El marido no hacía mucho caso; sin embargo, fue a la orilla del mar, y cuando
llegó allí, vio el agua toda amarilla, se acercó al agua y dijo:
Tararira ondino, tararira ondino,
hermoso pescado, pequeño vecino,
mi pobre mujer grita y se enfurece,
es preciso darla lo que se merece.
El barbo avanzó hacia él y le dijo:
-¿Qué
quieres?
-¡Ah! -repuso el hombre, -hace poco que te he cogido; mi mujer sostiene que
hubiera debido pedirte algo. No está contenta con vivir en una choza de juncos,
quisiera mejor una casa de madera.
-Puedes volver, - le dijo el barbo- ya la tiene.
Volvió el marido y ya no estaba la choza, en su lugar había una casa pequeña, y
su mujer estaba a la puerta sentada en un banco. Le cogió de la mano y le dijo:
-Entra
y mira: esto es mucho mejor.
Entraron los dos y hallaron dentro de la casa una bonita sala y una alcoba
donde estaba su lecho, un comedor y una cocina con su espetera de cobre y
estaño muy reluciente, y todos los demás utensilios completos. Detrás había un
patio pequeño con gallinas y patos, y un canastillo con legumbres y frutas.

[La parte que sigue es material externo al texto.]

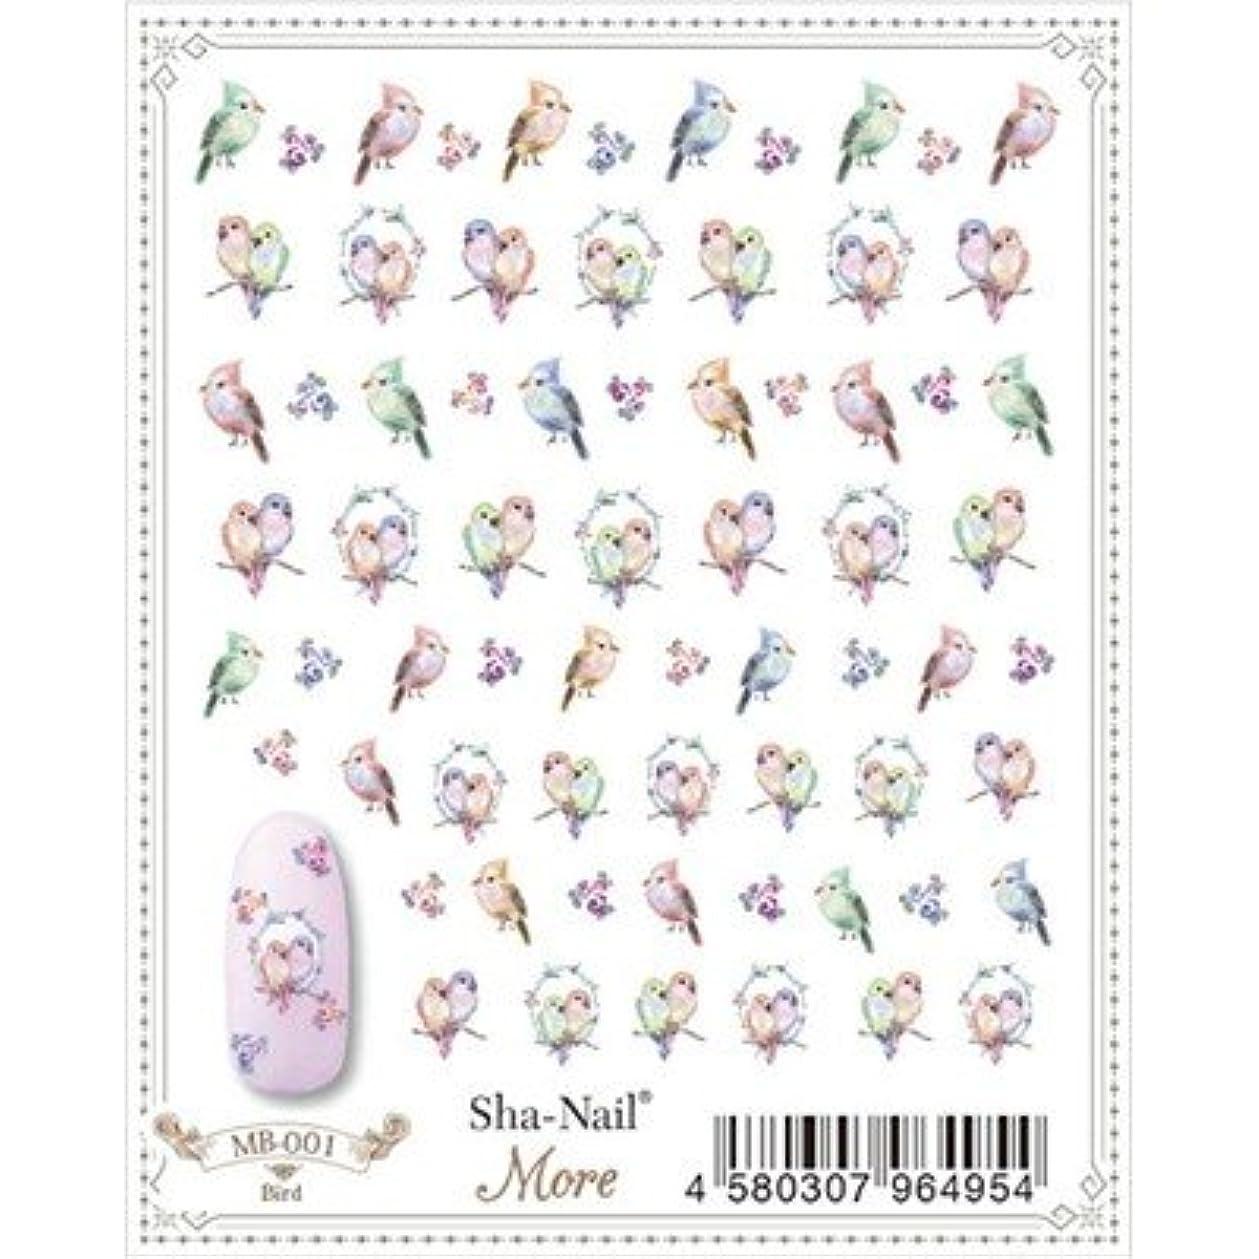 年蛾解明するSha-Nail More ネイルシール バード アート材

-¿Ves, le dijo la mujer, qué bonito es esto?
-Sí, -dijo el marido; - si vivimos siempre aquí, seremos muy felices.
-Veremos lo que nos conviene, replicó la mujer.
Después comieron y se acostaron.
Continuaron así durante ocho o quince días, pero al fin dijo la mujer:
-¡Escucha,
marido mío: esta casa es demasiado estrecha, y el patio y el huerto son tan
pequeños!... El barbo hubiera debido en realidad darnos una casa mucho más
grande. Yo quisiera vivir en un palacio de piedra; ve a buscar al barbo; es
preciso que nos dé un palacio.
-¡Ah!, mujer, replicó el marido, esta casa es en realidad muy buena; ¿de qué
nos serviría vivir en un palacio?
-Ve, -dijo la mujer,- el barbo puede muy bien hacerlo.
-No, mujer, - replicó el marido,- el barbo acaba de darnos esta casa, no quiero
volver, temería importunarle.
-Ve, -insistió la mujer,- puede hacerlo y lo hará con mucho gusto; ve, te
digo.
El marido sentía en el alma dar este paso, y no tenía mucha prisa, pues se
decía:
-No
me parece bien, -pero obedeció sin embargo.
Cuando llegó cerca del mar, el agua tenía un color de violeta y azul oscuro,
pareciendo próxima a hincharse; no estaba verde y amarilla como la vez primera;
sin embargo, reinaba la más completa calma. El pescador se acercó y dijo:
Tararira ondino, tararira ondino,
hermoso pescado, pequeño vecino,
mi pobre mujer grita y se enfurece,
es preciso darla lo que se merece.
-¿Qué quiere tu mujer? -dijo el barbo.
-¡Ah! -contestó el marido medio turbado,- quiere habitar un palacio grande de
piedra.
-Vete,- replicó el barbo, - ya la tiene.
Marchó el marido, creyendo volver a su morada; pero cuando se acercaba a ella,
vio en su lugar un gran palacio de piedra. Su mujer, se hallaba en lo alto de
las gradas. Le cogió de la mano y le dijo:
-Entra
conmigo.
Tenía
el palacio un inmenso vestíbulo, cuyas paredes eran de mármol; numerosos
criados abrían las puertas con grande estrépito delante de sí; las paredes
resplandecían con los dorados y estaban cubiertas de hermosas colgaduras; las
sillas y las mesas de las habitaciones eran de oro; veíanse suspendidas de los
techos millares de arañas de cristal, y había alfombras en todas las salas y
piezas; las mesas estaban cargadas de los vinos y manjares más exquisitos,
hasta el punto que parecía iban a romperse bajo su peso. Detrás del palacio
había un patio muy grande, con establos para las vacas y caballerizas para los
caballos y magníficos coches; había además un grande y hermoso jardín, adornado
de las flores más hermosas y de árboles frutales, y por último, un parque de lo
menos una legua de largo, donde se veían ciervos, gamos, liebres y todo cuanto
se pudiera apetecer.
-¿No es muy hermoso todo esto? -dijo la mujer.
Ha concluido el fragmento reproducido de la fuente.